Rational people understand that not everyone should go to college; there are plenty of other ways talented people can have careers without earning degrees. The problem for most workers these days, however - college-educated or not - is that their wages have stagnated while America's productivity has increased.
The culprits responsible for this sate of affairs are the wealthy plutocrats - like Bloomberg - who have set up a system where nearly all the productivity gains are concentrated in the earnings of the wealthy. So it doesn't matter whether someone goes to college or becomes a plumber: no matter their career choice, they are less and less likely to have a decent middle-class life.
Further, Bloomberg and the college-pushers never want to talk about the millions of workers in America who are doing low-skill but necessary jobs while living what most other advanced countries would call an unacceptably squalid lifestyle. We need salesclerks and bricklayers and truck drivers and nurses aides and landscapers and food service workers and farmhands and all sorts of other workers. Yet these people are living paycheck-to-paycheck, with no health or dental care, little time or money for recreation, and no chance for a dignified retirement.
It's an immoral situation - and it has nothing to do with our education system. We can't continue to exploit the hard labor of millions of our fellow Americans, and then declaim that the problem is they aren't "college or career ready," when we need these people to do these jobs.

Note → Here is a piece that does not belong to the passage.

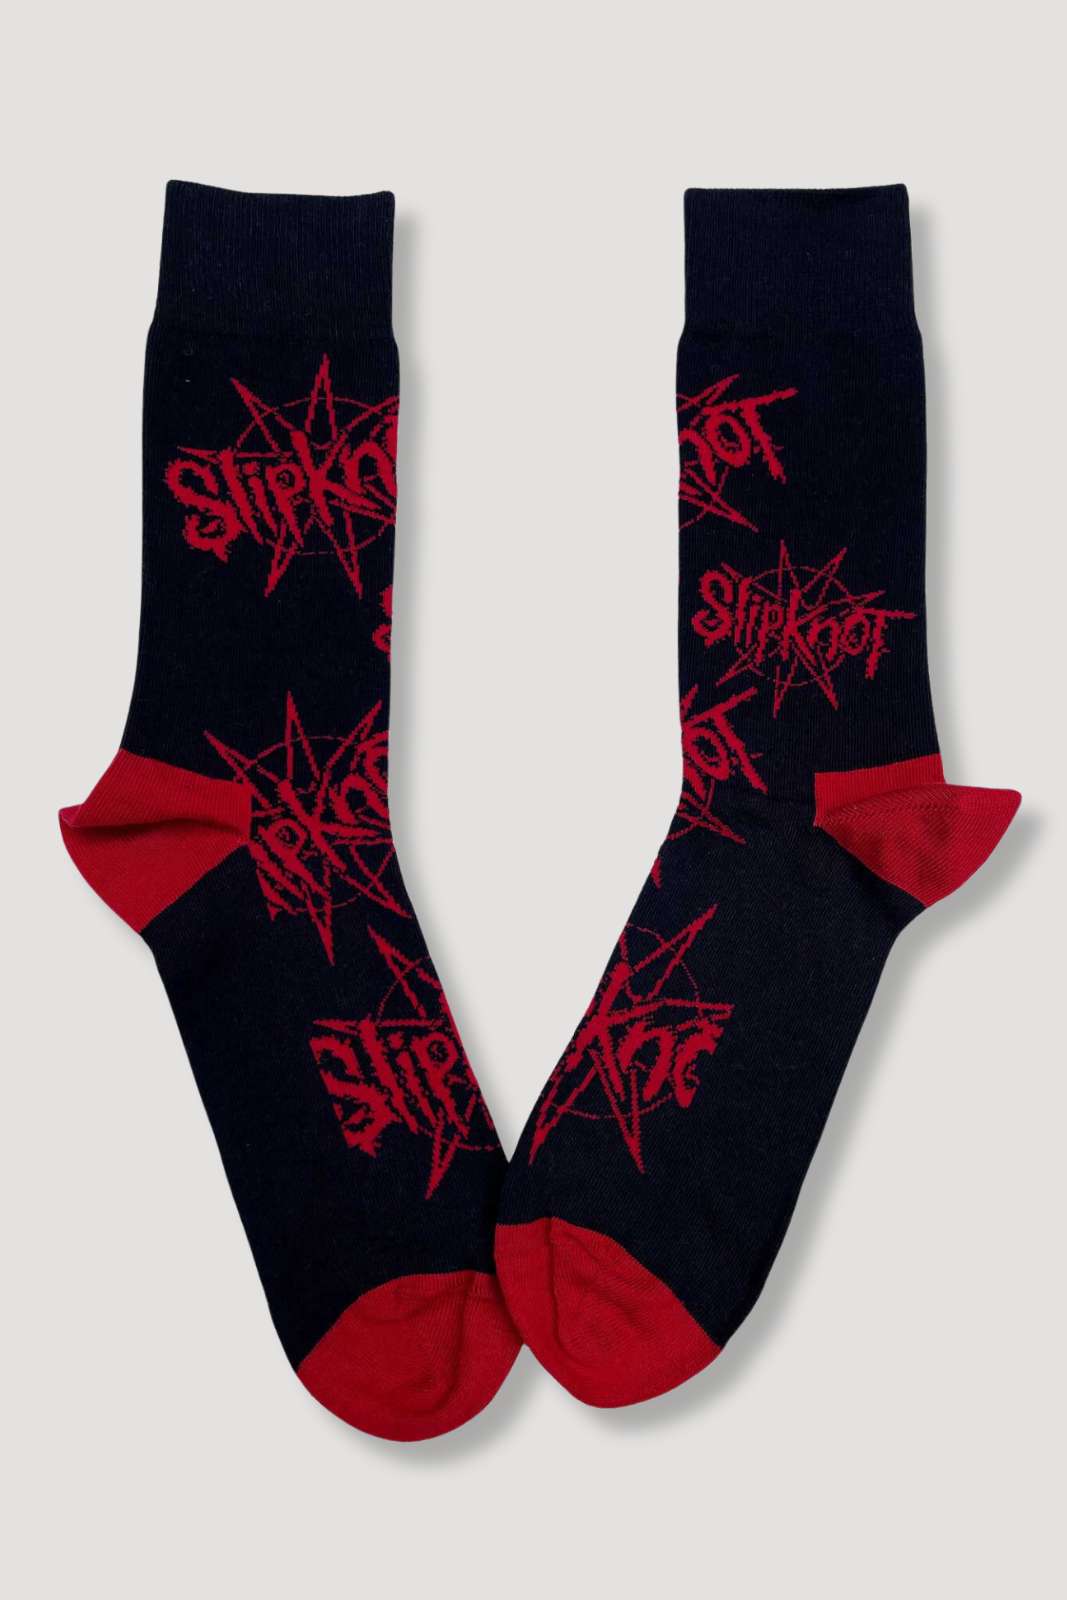 Slipknot socks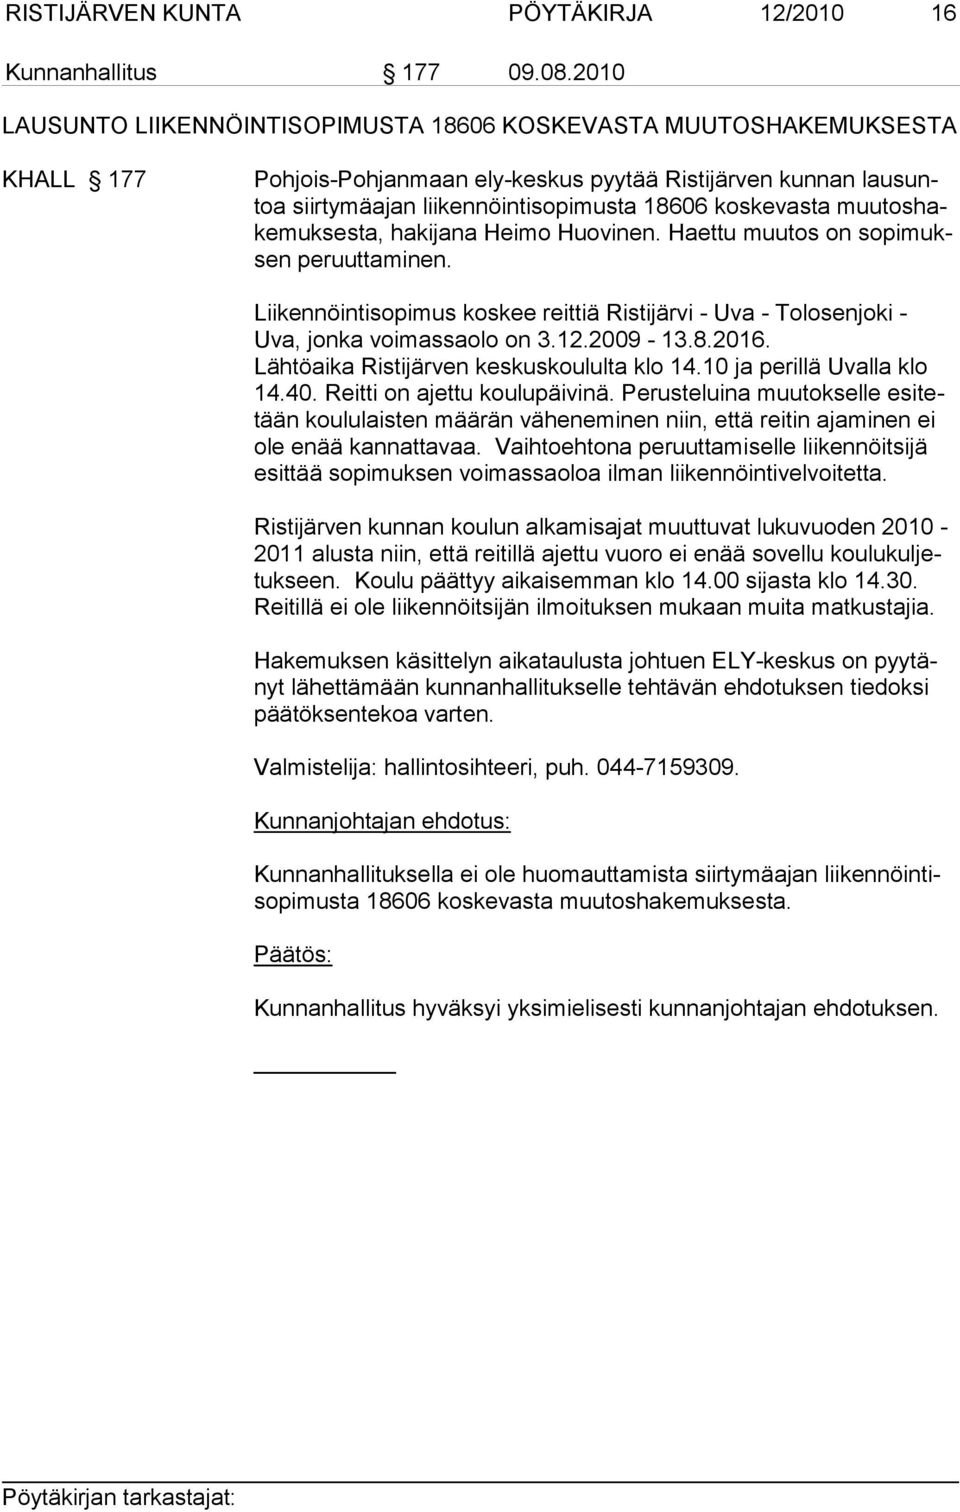 muutoshakemuksesta, hakijana Heimo Huovinen. Haettu muutos on sopimuksen peruuttaminen. Liikennöintisopimus koskee reittiä Ristijärvi - Uva - Tolosenjoki - Uva, jon ka voimassaolo on 3.12.2009-13.8.

"College or career ready" is a favorite expression of Common Core guru and potty mouth David Coleman. I have to wonder: who cuts his lawn? Who pumps his gas? Who washes his dishes when he goes out to eat? Who picks his lettuce? Who will empty his bedpan when he's in a hospice bed taking his final breaths? Will Coleman's proselytizing of the Common Core gospel do anything to help the workers he relies on every day?
Those people are our fellow Americans, and they are doing necessary work. Yet no one in our little education passion plays these days ever acknowledges that this country wouldn't survive without them. And no one wants to admit that focusing on education "reform" won't do a damn thing to stop their exploitation.
I'm all for changing the system to a real meritocracy, where everyone gets access to high-quality education at the earliest age, and access to college is available cheaply to all who have the talent and the desire. I think it's fundamentally unfair that Bill Gates's and Mike Bloomberg's kids get to go to schools with small class sizes and lots of extra-curriculars, setting them up for elite college admission, while the working poor continue to send their children to testing factories disguised as schools that set them up to remain in the proletariat.
But arguing about whether college is the path to the middle class or not is a distraction. The real issue is that work of all types - professional, skilled, and unskilled - is being devalued because Gates and Bloomberg and their ilk have set up a system where the vast money of the money flows to them. Charter school expansion and the Common Core won't change that.
Making people like Bloomberg and Gates finally start paying their fair share in taxes and breaking up the monopolies in the media, however, just might.
Instead of going to college, I should have been a cowboy!